Dopo aver vinto l’oscar del teatro europeo e registrato un grande successo di pubblico e critica in tutto il mondo con "La Merda" (dall’Europa al Sud America, dall’Australia al Nord America) Cristian Ceresoli presenta una sua nuova scrittura intitolata Fashion Macht Frei, ancora in fase di lavorazione e allestita in forma di reading (di lettura) per il Teatro del Loto.

Oltre a rinnovarsi la collaborazione con Silvia Gallerano, osannata interprete de "La Merda" nella produzione originale in Italiano e Inglese, in questa nuova scrittura viene coinvolto Stefano Cenci, interprete stralunato e potente, mentre la regia è affidata alla delicatezza e sensibilità di Simon Boberg, regista danese di fama
internazionale già direttore della produzione teatrale e televisiva di Lort (La Merda) in Danimarca.

Una coproduzione internazionale che vedrà in allestimento contemporanee la produzione con un cast italiano e un cast danese.
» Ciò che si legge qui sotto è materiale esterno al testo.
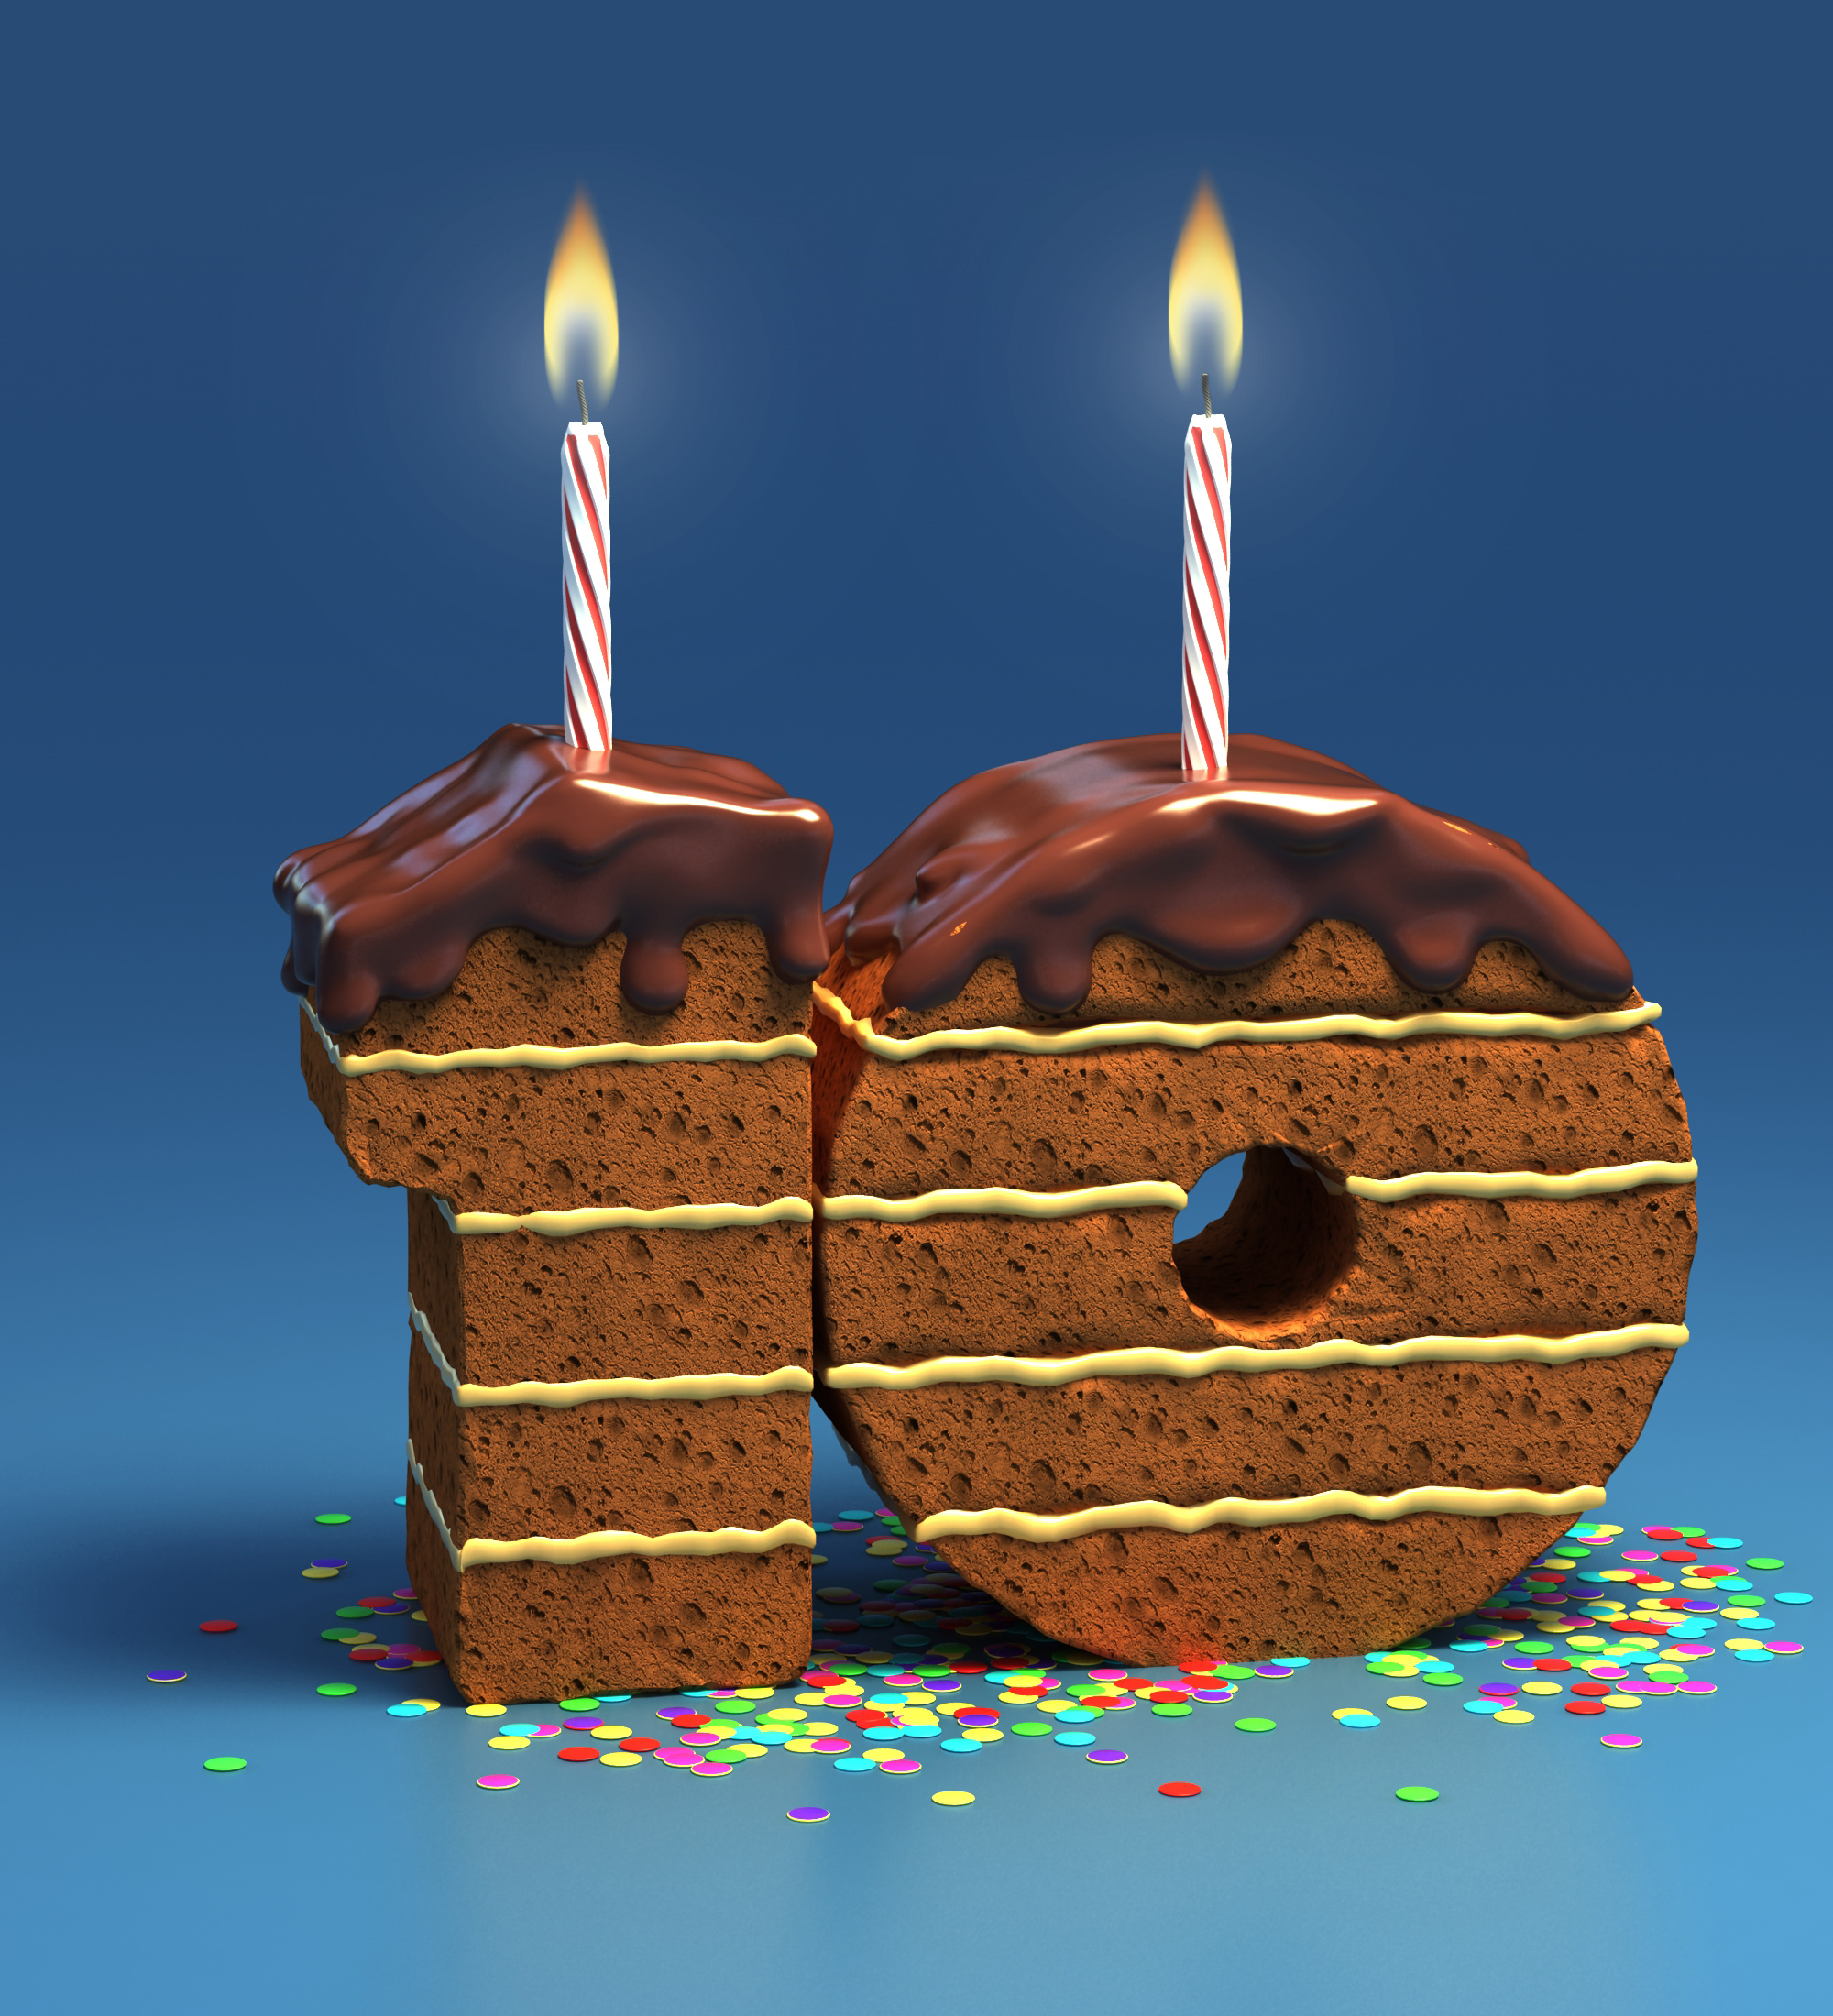 https://depositphotos.com/9516817/stock-photo-chocolate-birthday-cake.html

Una nuova scrittura in cui il destino di una sorella e di un fratello, appena più che bambini, si intreccia con quello di una nuova efficacissima forma di allegro totalitarismo.

La storia di una città in cui avvengono divertentissime deportazioni di massa, in un futuro appena prossimo. Una storia dettata dal travolgente ritmo di un happy hour quotidiano e ininterrotto, in un delirante rinnovamento della lingua, attraversata da umanità che gode della vita, veste ghepardato e è disposta a tutto per difendere la propria eleganza.

Un poema di tendenza dove i corpi della pubblicità si manifestano martellanti e ossessivi, fino a coincidere coi nostri corpi, in un possibile futuro in cui si afferma il più colorato dei fascismi.